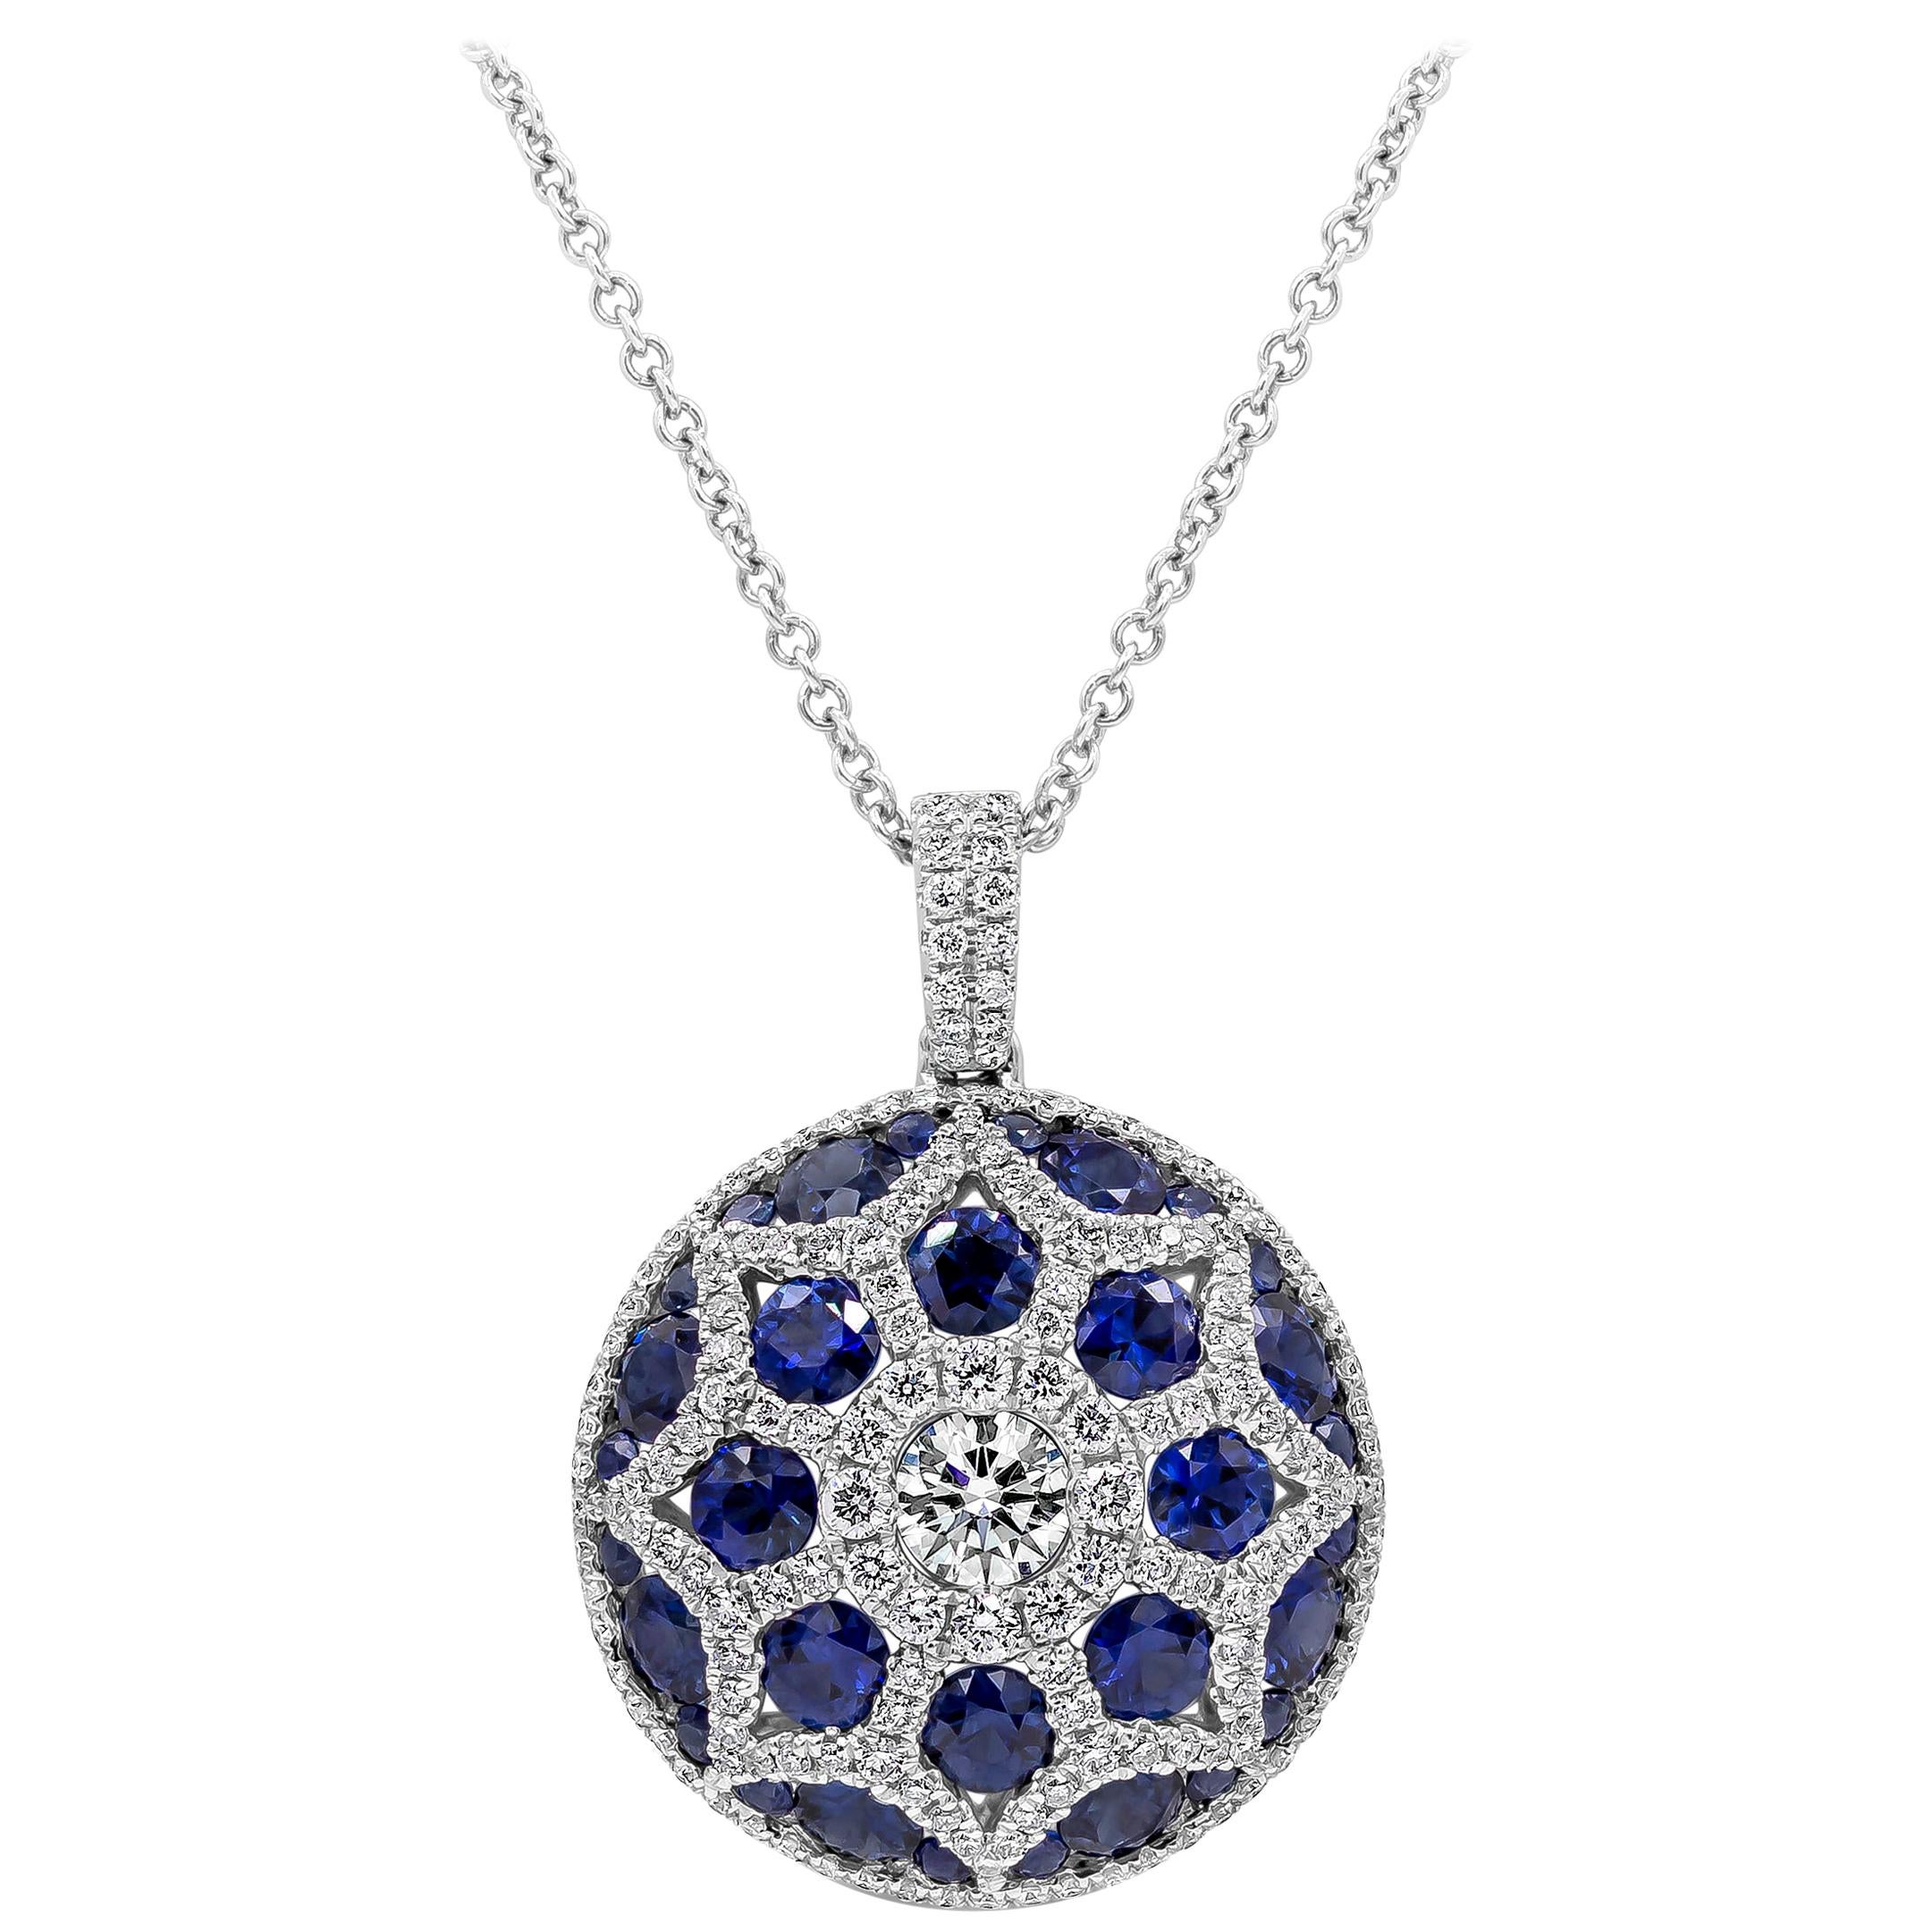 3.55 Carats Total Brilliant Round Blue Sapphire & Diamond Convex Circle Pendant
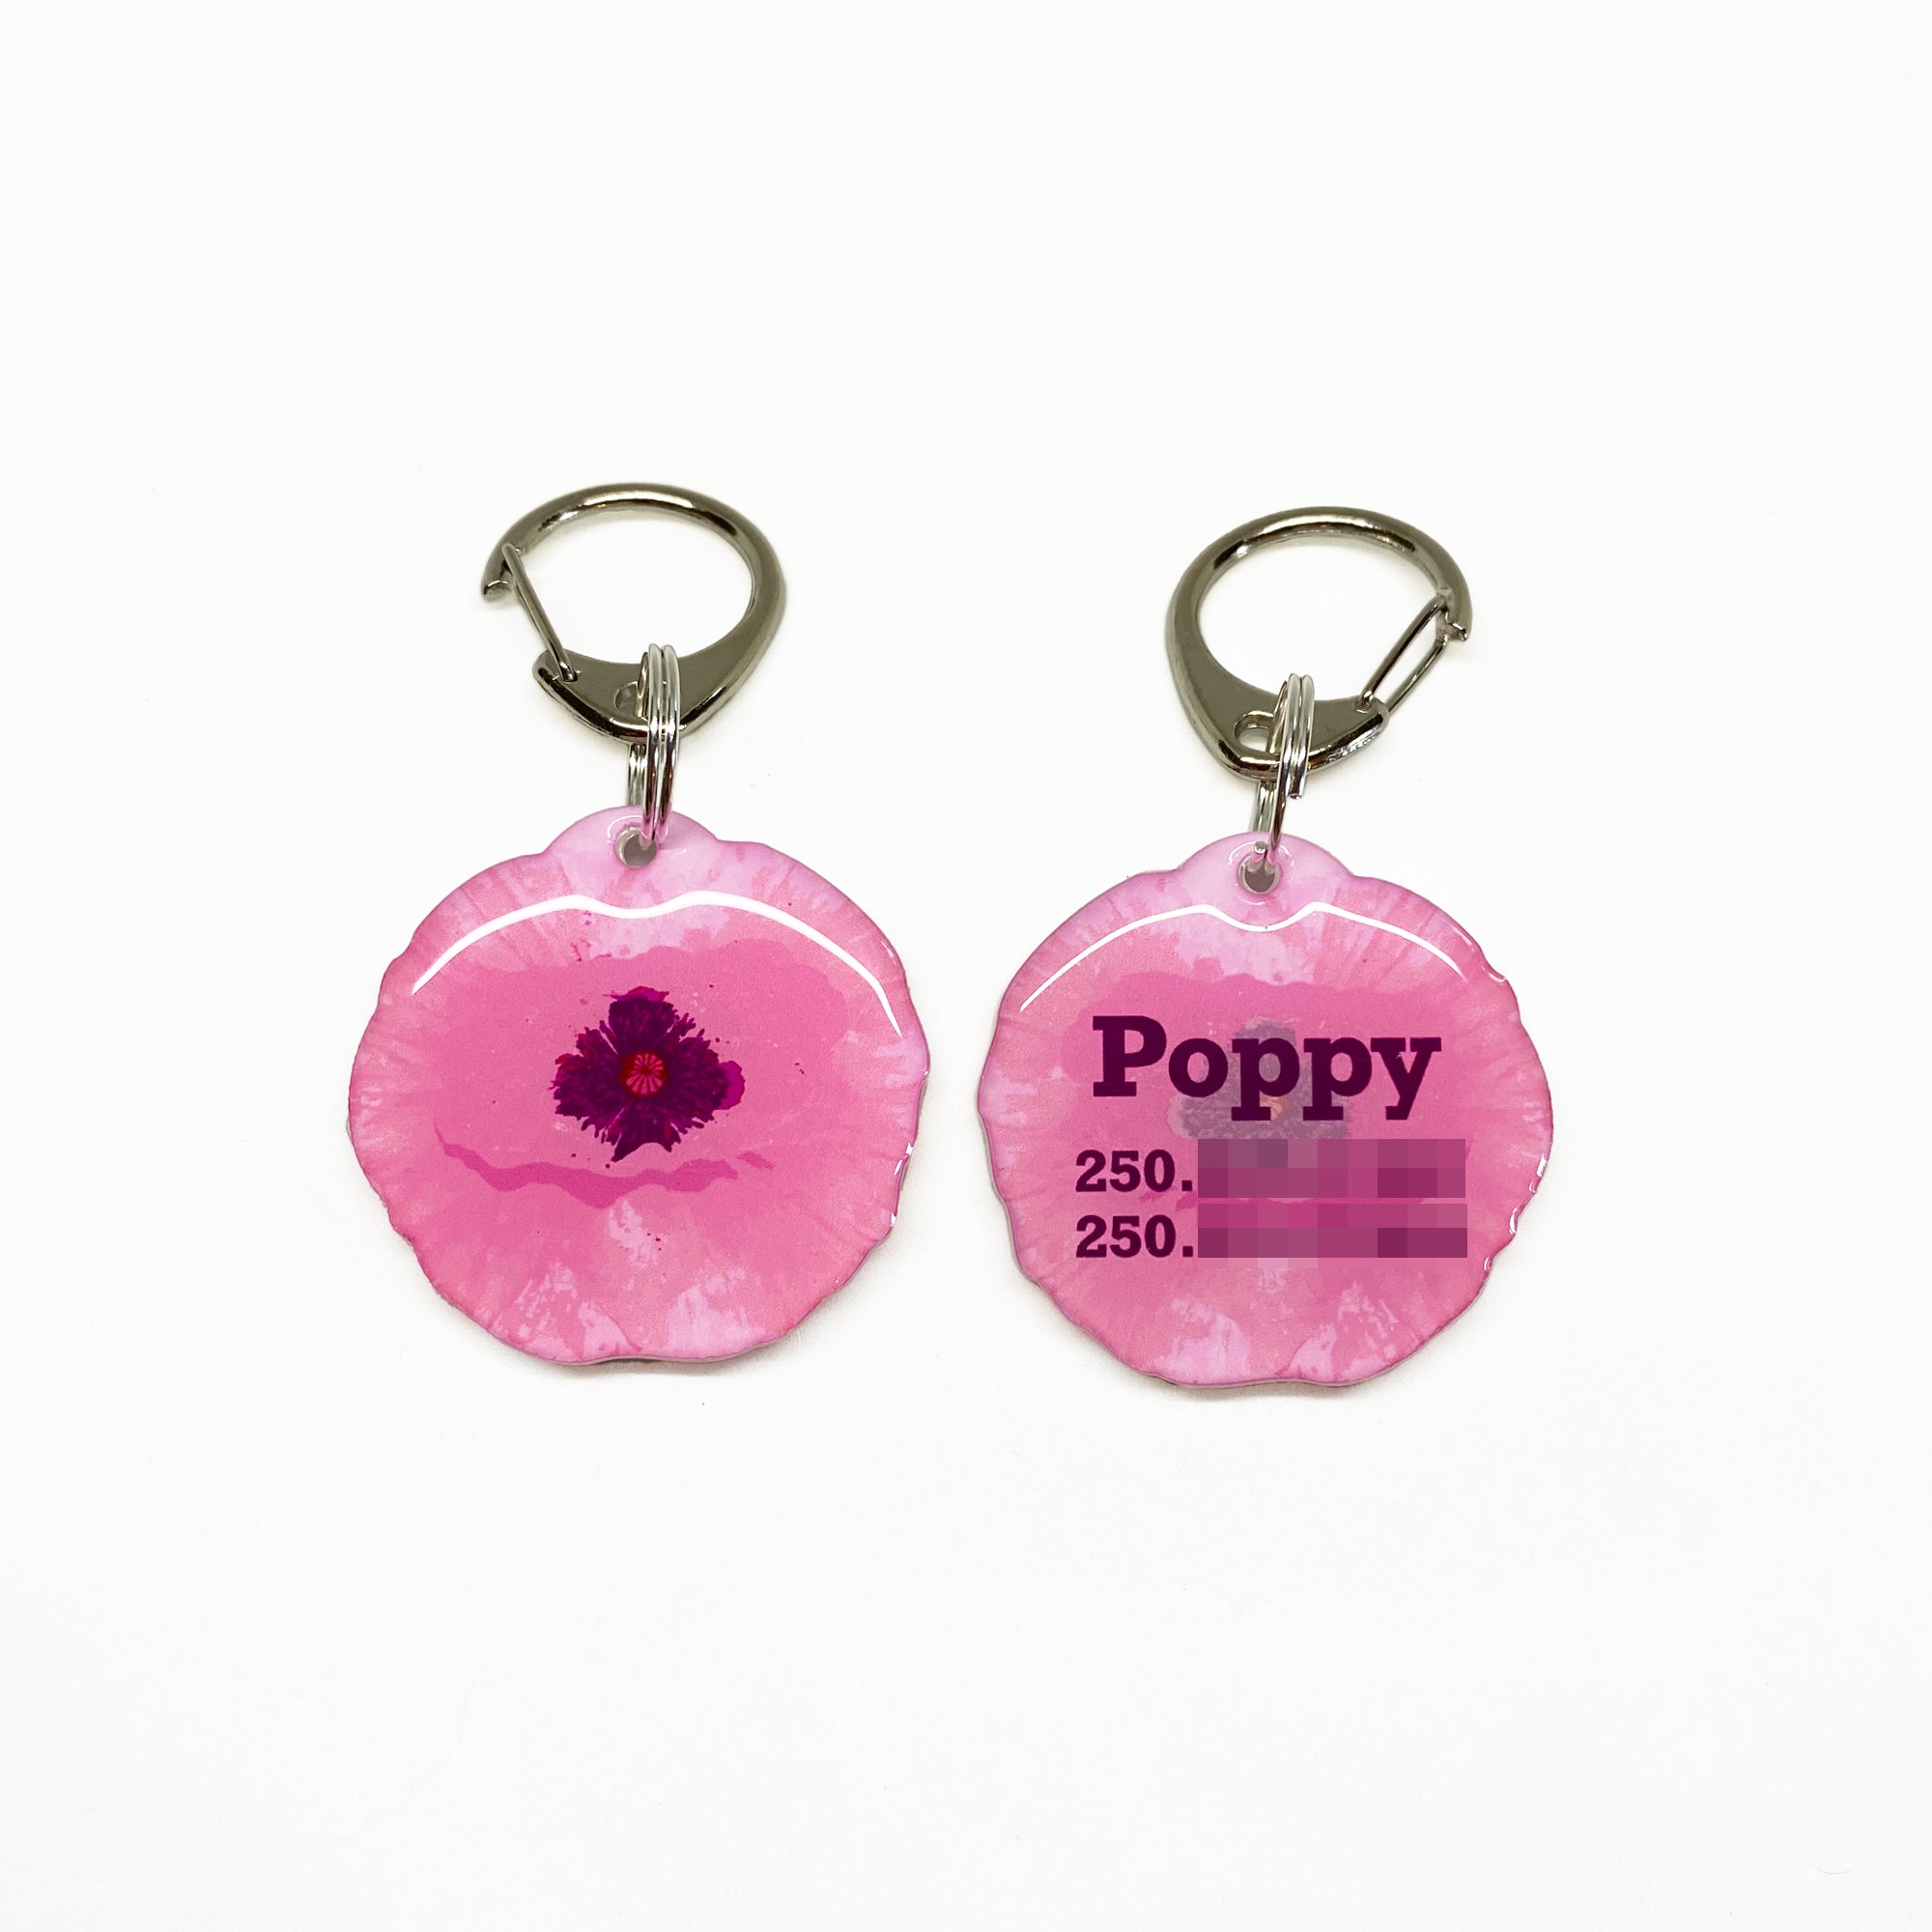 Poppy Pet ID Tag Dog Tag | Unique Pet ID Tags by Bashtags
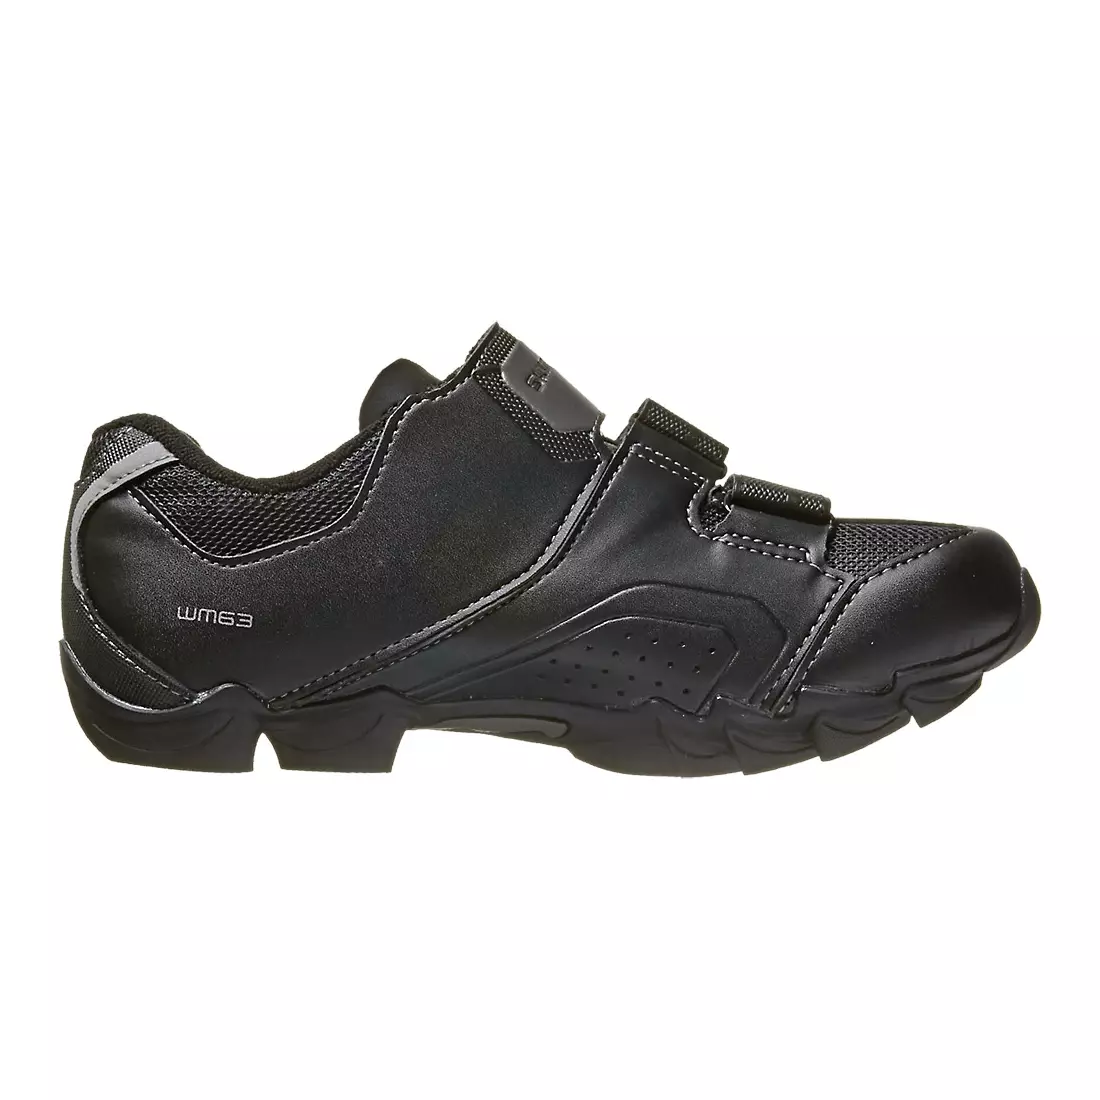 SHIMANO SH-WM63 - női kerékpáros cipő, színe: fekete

————

Exercise requirements – Only the listing above, set down exactly and without pictures, belongs in the answer.

Exercise response –
 3.55 Carats Total Brilliant Round Blue Sapphire & Diamond Convex Circle Pendant
 Poppy Pet ID Tag Dog Tag | Unique Pet ID Tags by Bashtags
 SHIMANO SH-WM63 - női kerékpáros cipő, színe: fekete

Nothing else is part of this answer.